* _Task statement_
Transcribe only the stretch of lines that opens with the line containing "DUTY BLACK OPS3" and closes with the last line of the listing, skipping pictures.

* _Dataset content_

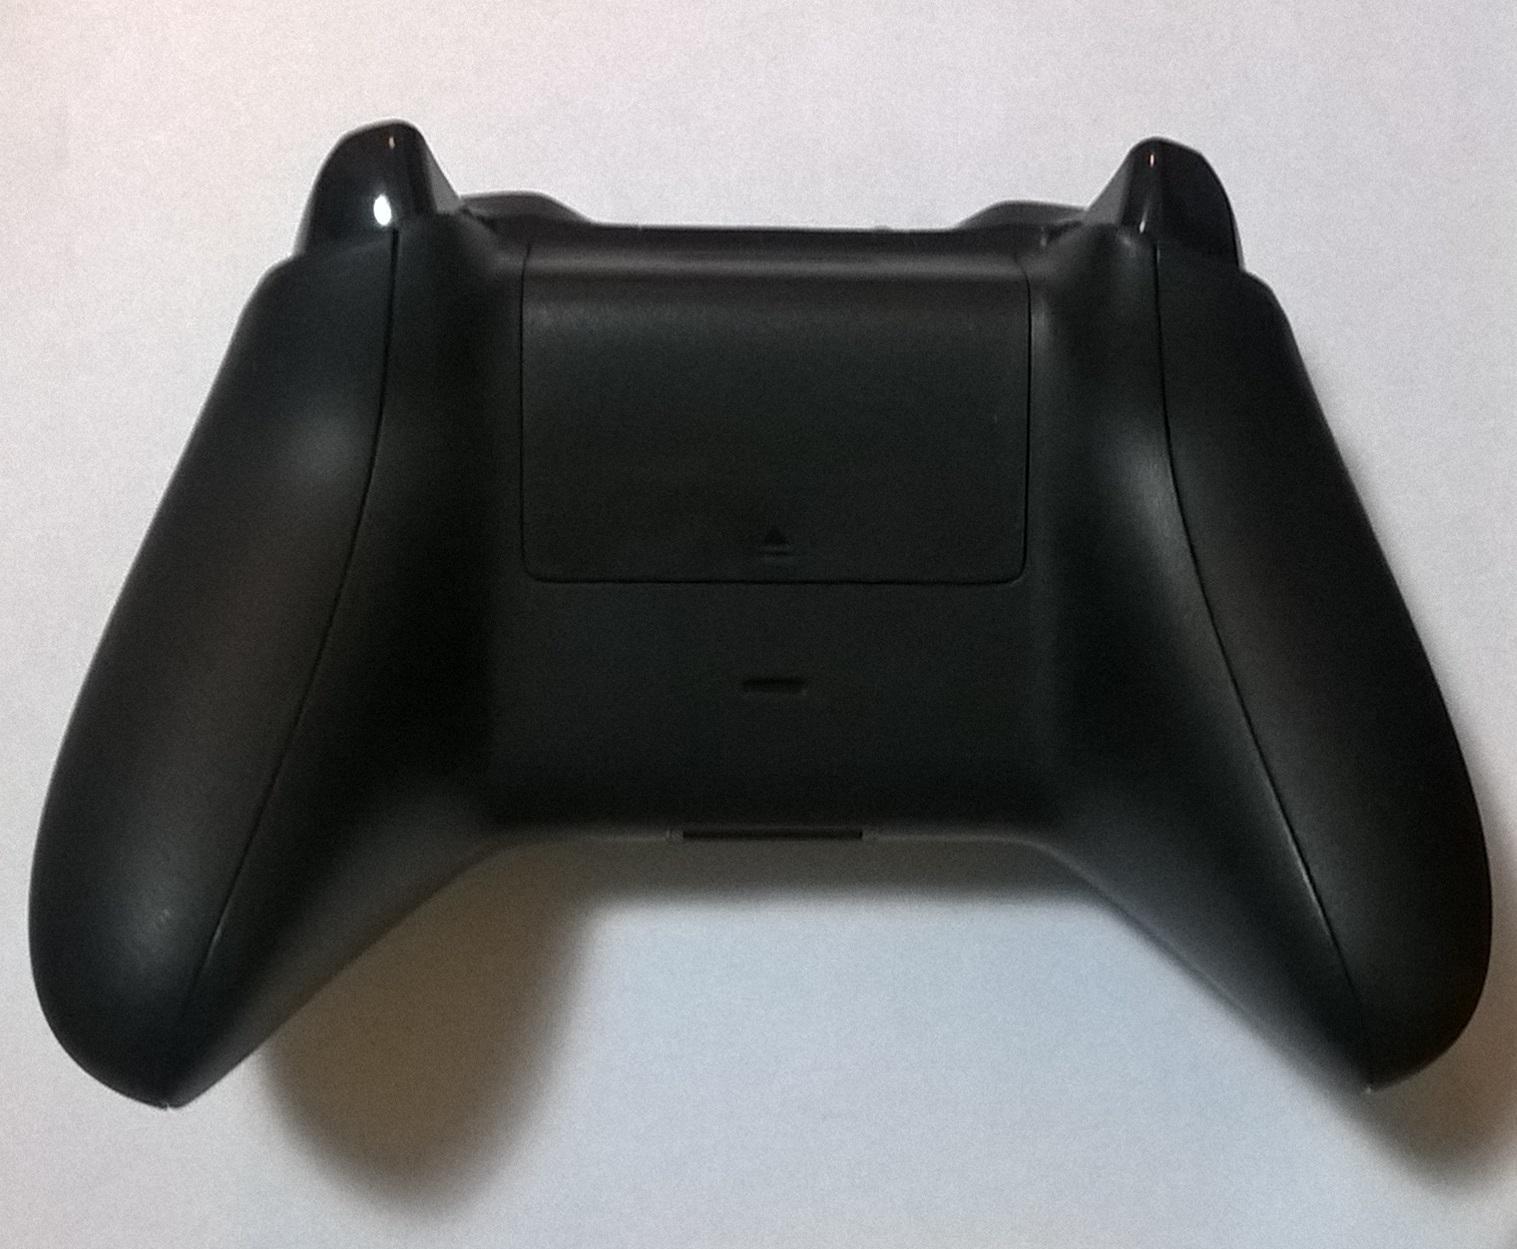 High Quality WIIU Handle Slim Gamepad Double Joypad For Xbox WIIU Console 10
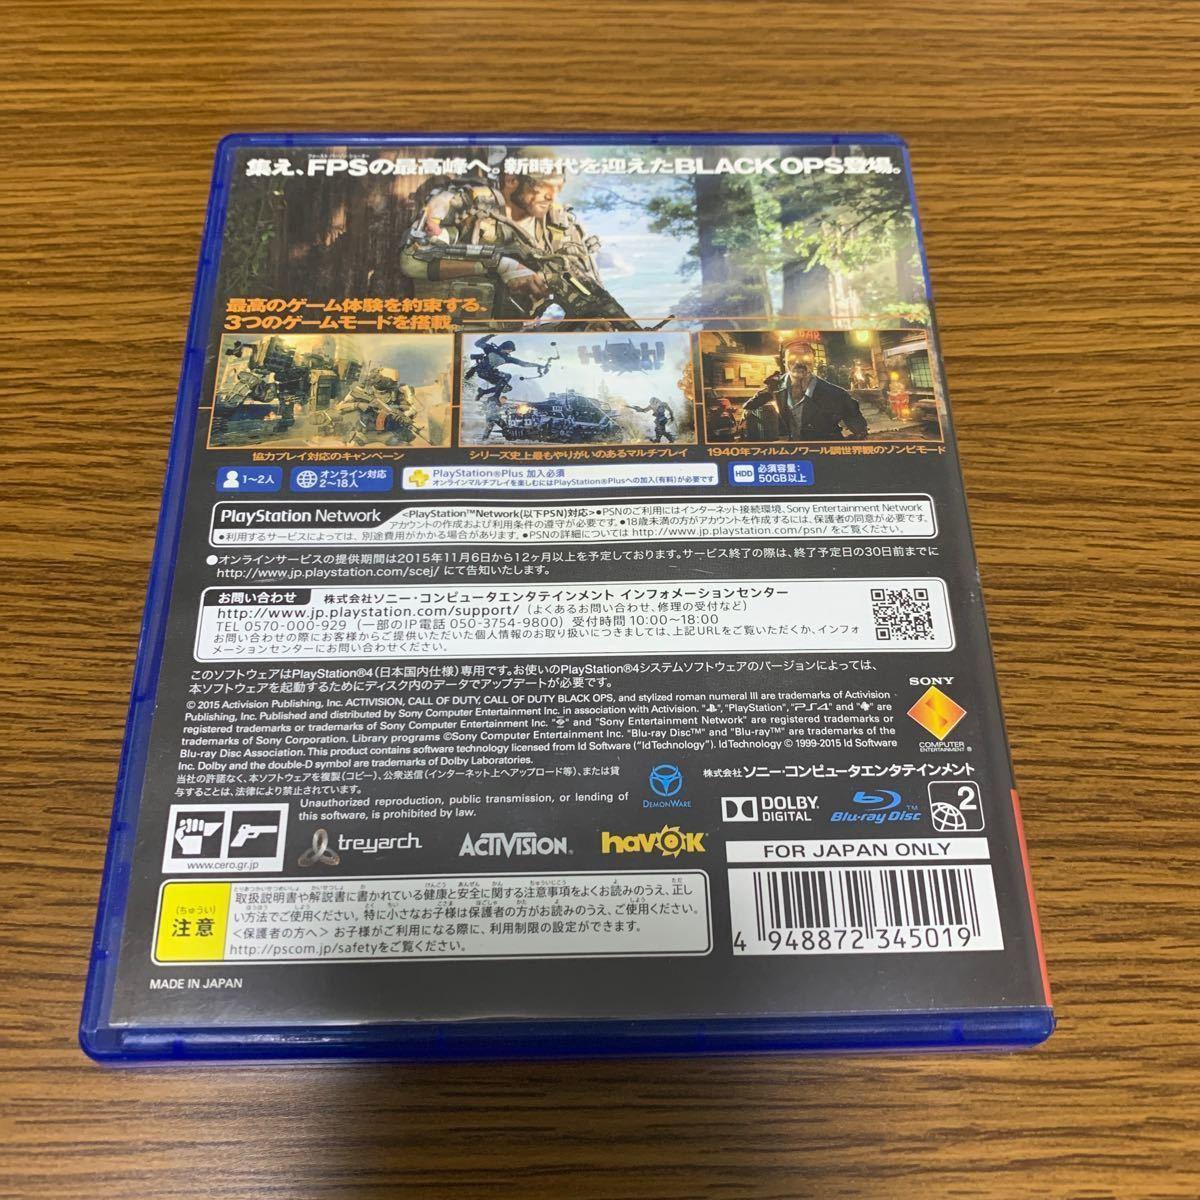 【PS4】 コール オブ デューティ ブラックオプスIII [通常版]CALL OF DUTY BLACK OPS3
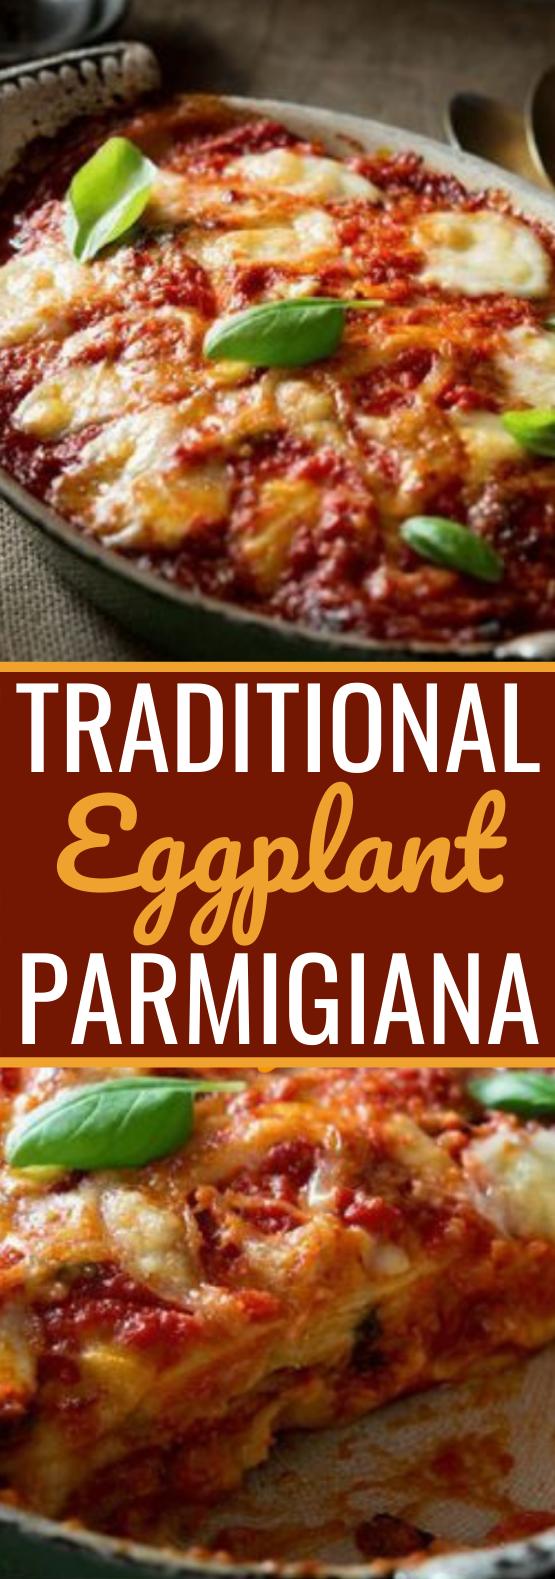 Parmigiana di Melanzane #dinner #italian #recipes #lasagna #weeknight

* _Task output_
 【PS4】 コール オブ デューティ ブラックオプスIII [通常版]CALL OF DUTY BLACK OPS3
 Parmigiana di Melanzane #dinner #italian #recipes #lasagna #weeknight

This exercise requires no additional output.